治療の最前線! 専門医に聞くvol.17
再発・再入院を防ぐ
心臓血管リハビリテーション

循環器内科では、心筋梗塞や狭心症、心不全などの心臓疾患、腹部大動脈瘤(りゅう)や下肢へいそく性動脈硬化症などの血管疾患の治療にあたります。同時に、予後の改善や疾患の再発を防ぐため、運動療法や栄養指導、患者さんに病気についての知識を高めてもらうための指導やカウンセリングにも力を入れています。こうした一連のサポートを「心臓血管リハビリテーション」として、当科とリハビリテーション科が連携し、2023年度から本格的に取り組んでいく予定です。

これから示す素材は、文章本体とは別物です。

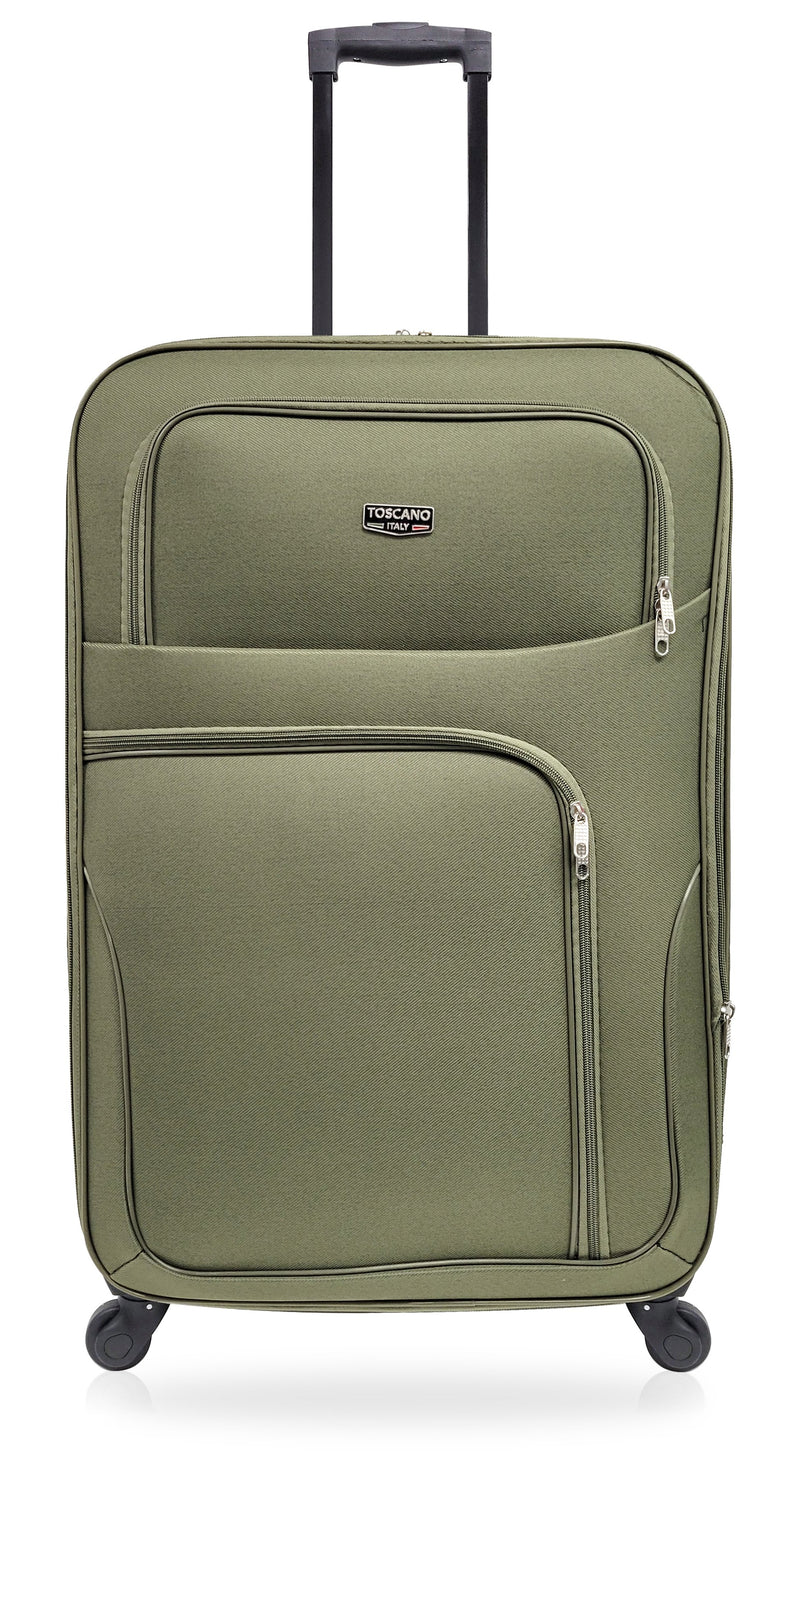 TOSCANO by Tucci 28-inch Allacciare  Lightweight Luggage Suitcase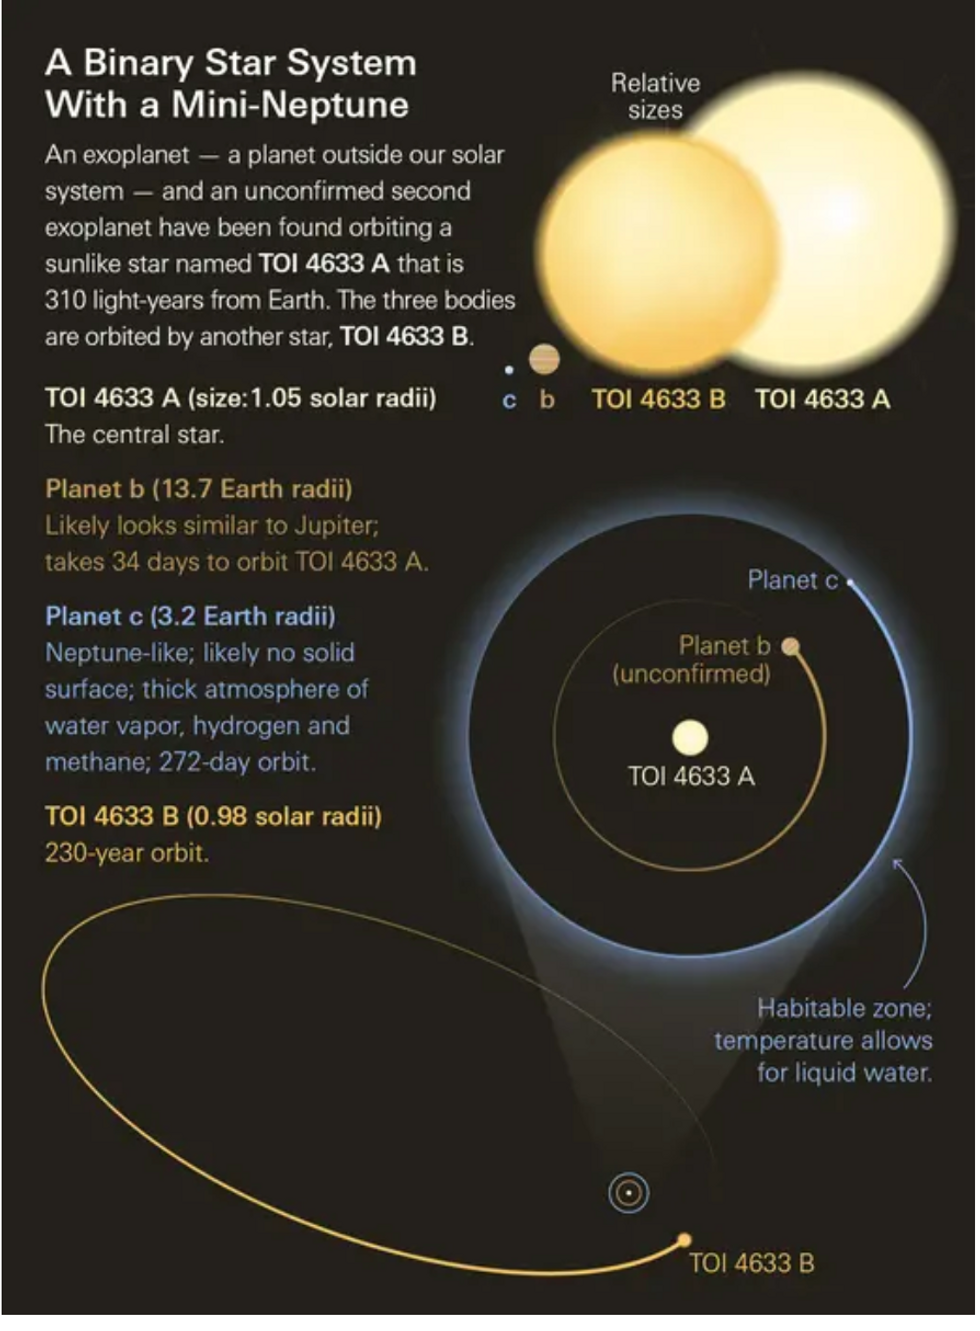 An infographic illustrating new discoveries about a multi-star, multi-planet system

 心臓病を患うと運動を控えなければいけないイメージですが、一人一人の疾患に合わせた適切な運動を取り入れることで回復が早まり、心臓疾患や血管疾患の原因となる動脈硬化の予防にも役立つことが、近年分かってきました。もちろん、心臓に負担がかかりすぎる運動はよくないので、一人一人の治療後の体の状態に合わせることが大切です。適度な運動量を医師が見極め、心拍数などをモニタリングしながら、有酸素運動を中心に取り組むことで骨格筋を鍛え、心肺機能を高めて予後の改善を目指します。

 こうした運動療法に加え、食事療法や病気の理解を深めて日常生活を送るためのカウンセリングなど、総合的に取り組むことが心臓血管リハビリテーションの大きな特徴です。身体機能の回復だけでなく、患者さんの気持ちに寄り添い、患者さんが自信を取り戻して社会復帰を果たすことを目的とします。当院では、循環器内科の専門医と、心臓リハビリテーション指導士の資格を持つスタッフがサポートします。